Rimmer argues there is better OEM Alignment with EFW’s A330 conversion programme, as Airbus owns approximately 40% of the firm. He believes that IAI’s A330 programme could be two to three years away from certification. Altavair has taken redelivery of four EFW-converted A330-200P2F in 2022/3, two of which were subsequently placed on lease to Mexico-based Mas Air and two to China-based Hongyuan Group.

Converted freighters seem to be gaining traction with airlines but do face continuing issues. In 2027, the Boeing 767-300ERF and 777-200LRF production freighters will fall foul of the ICAO environmental regulations while both the Boeing 777-8F (the 777-X freighter variant) and the Airbus A350F are yet to be certificated.


The Ishka View

Altavair has built a powerful and successful niche among leased passenger and freighter widebody lessors at the same time as many competitors are looking to exit widebody investments. It is also interesting that of all the various assets Altavair is chasing – from widebodies to single-aisle passenger aircraft – converted narrowbodies are notably absent. Rimmer has argued before about an overcrowding of the 737 converted freighter market and confirms there has been a recent softening in 737 freighter rents, confiding anecdotally that rents have been down over the last 12 months by between 10% to 15%. He adds that these rents could also suffer when more capable Airbus A321 converted freighters eventually come to the market.

Looking ahead, Rimmer believes that China remains a jurisdictional risk with many lessors looking to limit or reduce their China exposure where possible. Separately, he warns that airlines should be prepared for lengthy waits for new twin-aisle aircraft. “We do foresee more production delays on widebodies.
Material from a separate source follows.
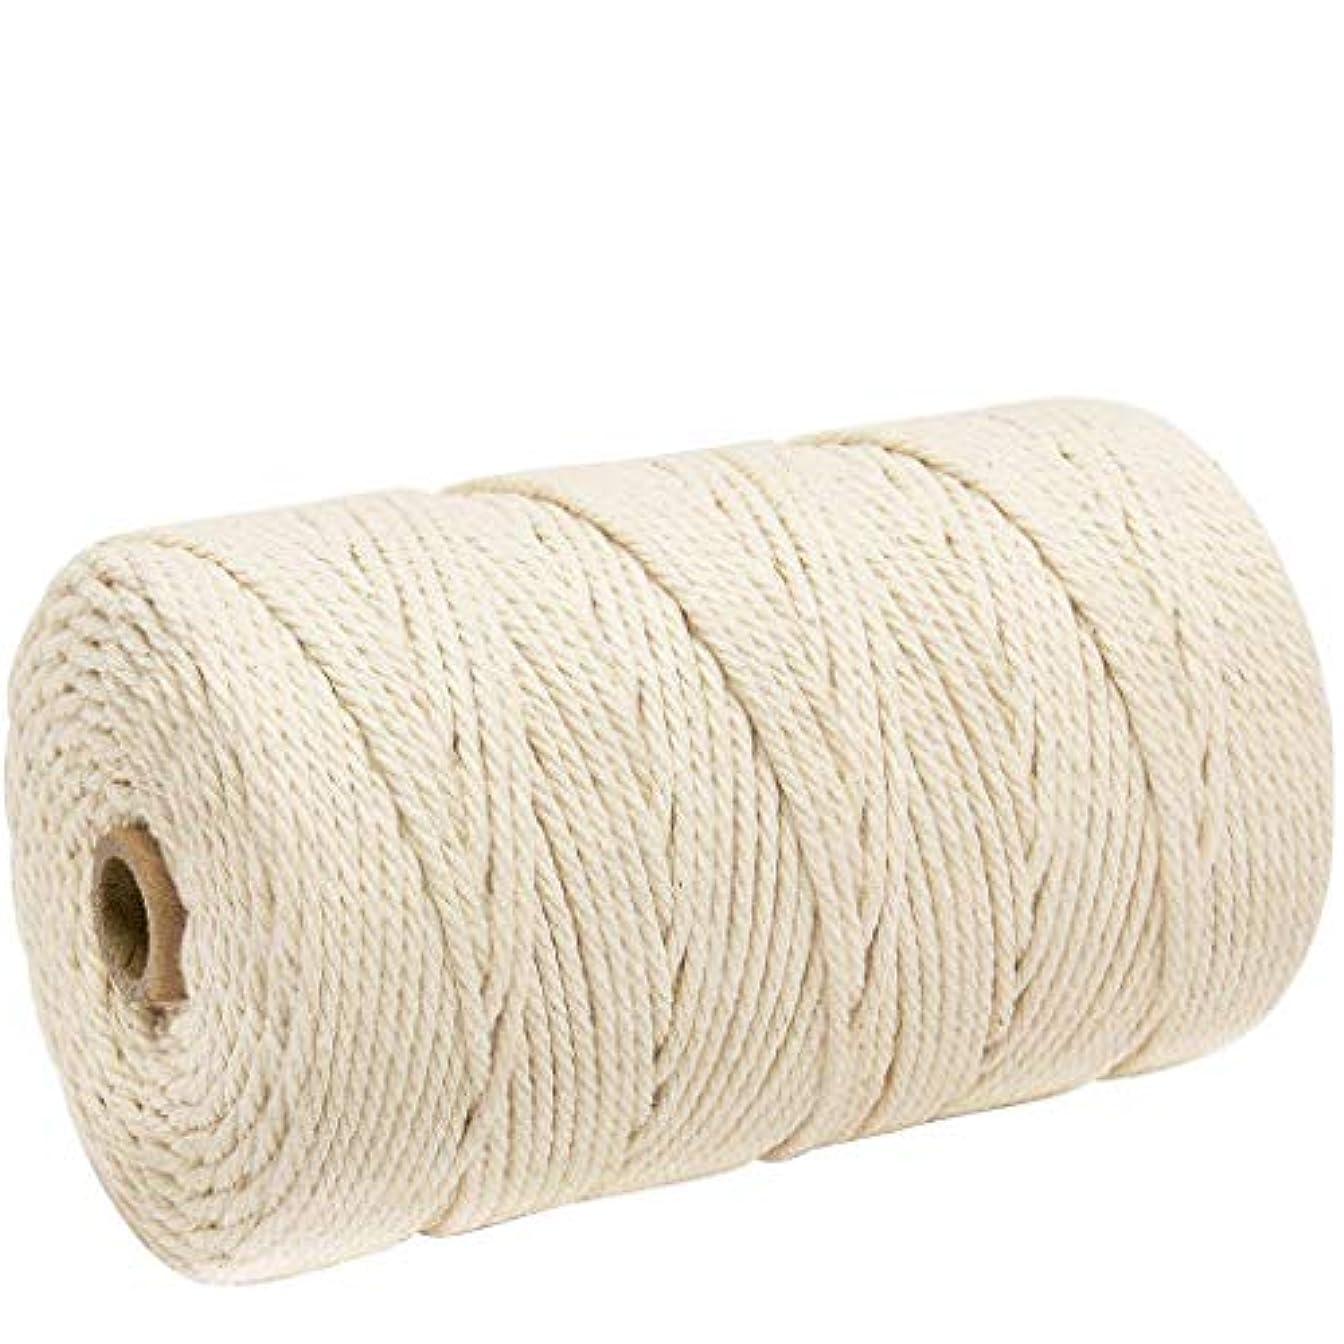 端末モロニック項目ナチュラルコットン マクラメ ロープ 紐 糸 手作り編み糸 綿 DIY壁掛けハンガークラフト編みコードロープ 3㎜ 200m (ライスホワイト)

The 787 line has restarted again, but we hear airlines being told that widebodies are going to be a year late later than they anticipated.”

He argues the two newest dedicated large freighters, the 777-8F and the A350F, could face delays due to the same issues – and given that the baseline 777X is not yet certificated the 777-8F is potentially a higher risk than the already certified A350 passenger type. Rimmer anticipates the 777-8F will be delivered by 2028 or 2029, while the A350F could be in service for 2025/2026 but with a “relatively slow” production ramp-up. Rimmer believes the A350F on paper looks “fantastic” but the potential delays in the availability of the new freighter will create a period of uncertainty offering an opportunity for lessors such as Altavair to lease larger converted freighters.